Metz Walks the Walk

After surviving one-third of a semester as the new dining service on campus, Metz Culinary Management is working hard to satisfy the various dietary requirements of students and to promote sustainability and environmental stewardship.

Metz Culinary Management sets high corporate standards. Advertising that they “bring you the best on-campus food program with a variety of tastes that is sure to please,” Metz is concerned not only with appealing to the wide-ranging nutrition preferences and needs of students and faculty, but also with prioritizing sustainability and minimizing the company’s imprint on the environment. Metz also voices a commitment to providing vegetarian, vegan, and gluten-free options daily. For students with dietary restrictions like these, it is vitally important for Metz to dependably live up to this pledge.

From the perspective of one first-year student who consumes a vegetarian diet and preferred to remain anonymous, Metz has so far done a satisfactory job of providing vegetarian options. She noted that, despite her dietary restrictions, “There is always something I can eat.” However, this student also pointed out that “sometimes there is not a variety” among the vegetarian options. In spite of this, she has been satisfied overall with the diversity and quality that Metz offers with regard to her vegetarian requirements.

Likewise, in the opinion of Alexis Lamb ‘18, Metz is doing well at providing nutrients for her limited diet. Lamb is restricted to consuming wheat-free foods, and she appreciates the simplicity of the gluten-free section provided by Metz. This station in the dining hall, which generally serves a meat, a grain, and a vegetable option, offers a reliable source of nutrients for Lamb and other students limited to gluten-free foods. As a senior, Lamb cannot help but compare Metz with their predecessor, Sodexo. She decided that Metz is “definitely a step up from Sodexo. More fresh, I think.”

However, Lamb did have a recommendation for Metz: “One thing I really liked about Sodexo was that they had the labels that said what was in the food,” the upperclassman recalled, “so right now [with Metz] there are items that I’m not sure if there’s wheat in them, so [labels] would be helpful.” Despite this point of criticism, Lamb described herself as “definitely satisfied” with the gluten-free food options provided by Metz.

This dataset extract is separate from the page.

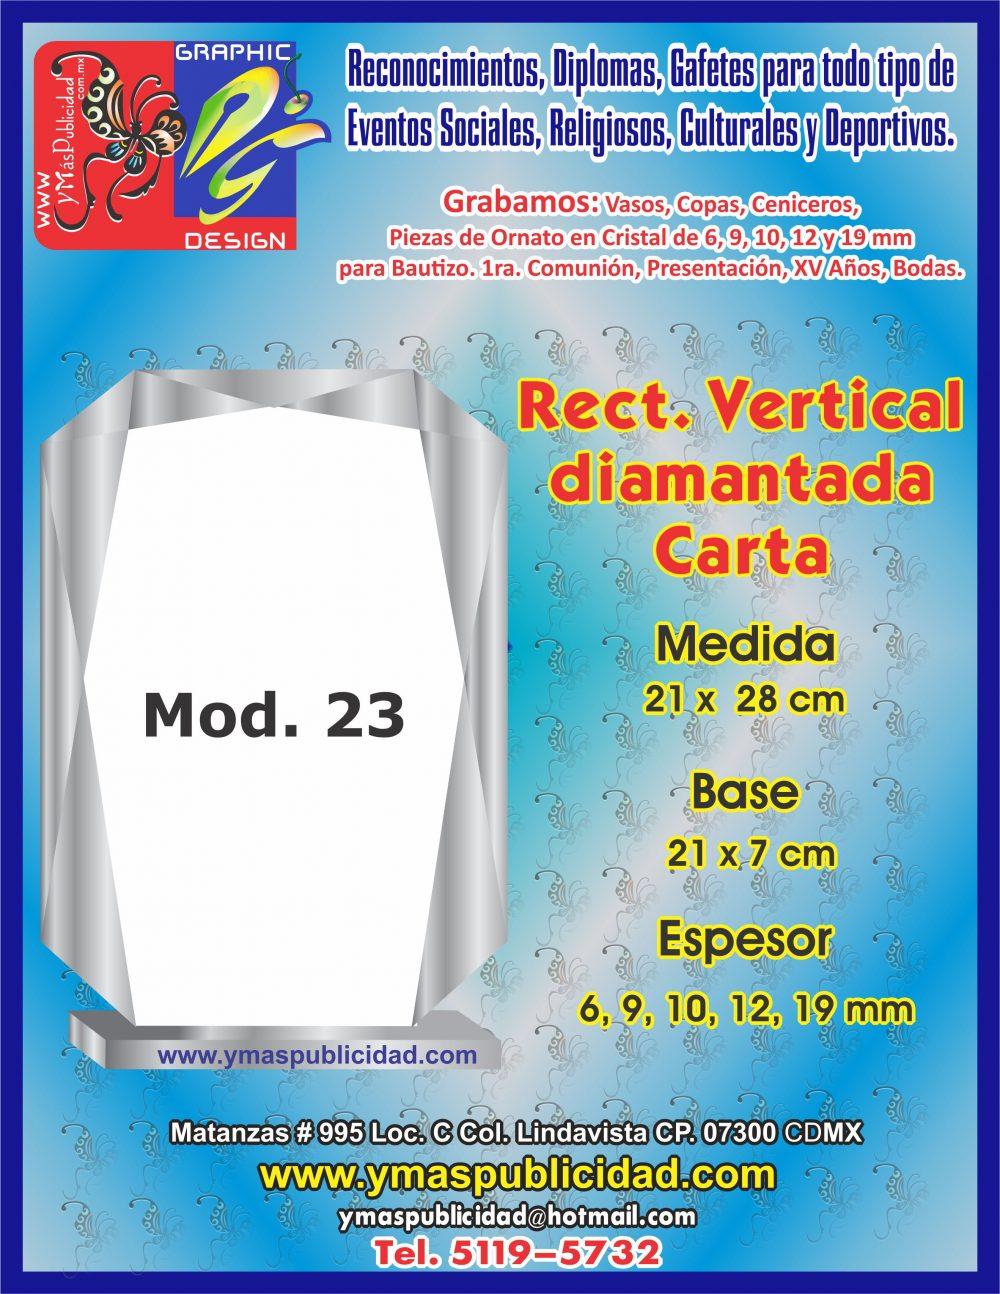 RECT. VERTICAL DIAMANTADA CARTA

Aside from their commitment to serving quality food for students with various dietary restrictions, Metz Culinary Management is also dedicated to sustainability. On their corporate website, Metz states, “We pledge to be environmental stewards by working closely with clients, sustainability partners and vendors on dining concepts, products and programs that meet your needs while protecting resources for future generations.”

According to the Houghton College’s sustainability coordinator, Brian Webb, “Metz actually walks the talk.” In Webb’s opinon, the college as a whole benefits from this transparency and dedication. Webb explained, “Metz has already begun investing in significant water and energy conservation measures in the kitchen that are projected to save the college thousands of dollars by reducing water usage, cutting electricity, and conserving heat in the building.” Moreover, Webb praised Metz for putting “their money where their mouth is” by “investing $15,000 every year in Houghton’s campus sustainability initiatives.” Regarding Metz’s commitment to sustainability, Webb concluded, “I’m very proud to have them on campus.”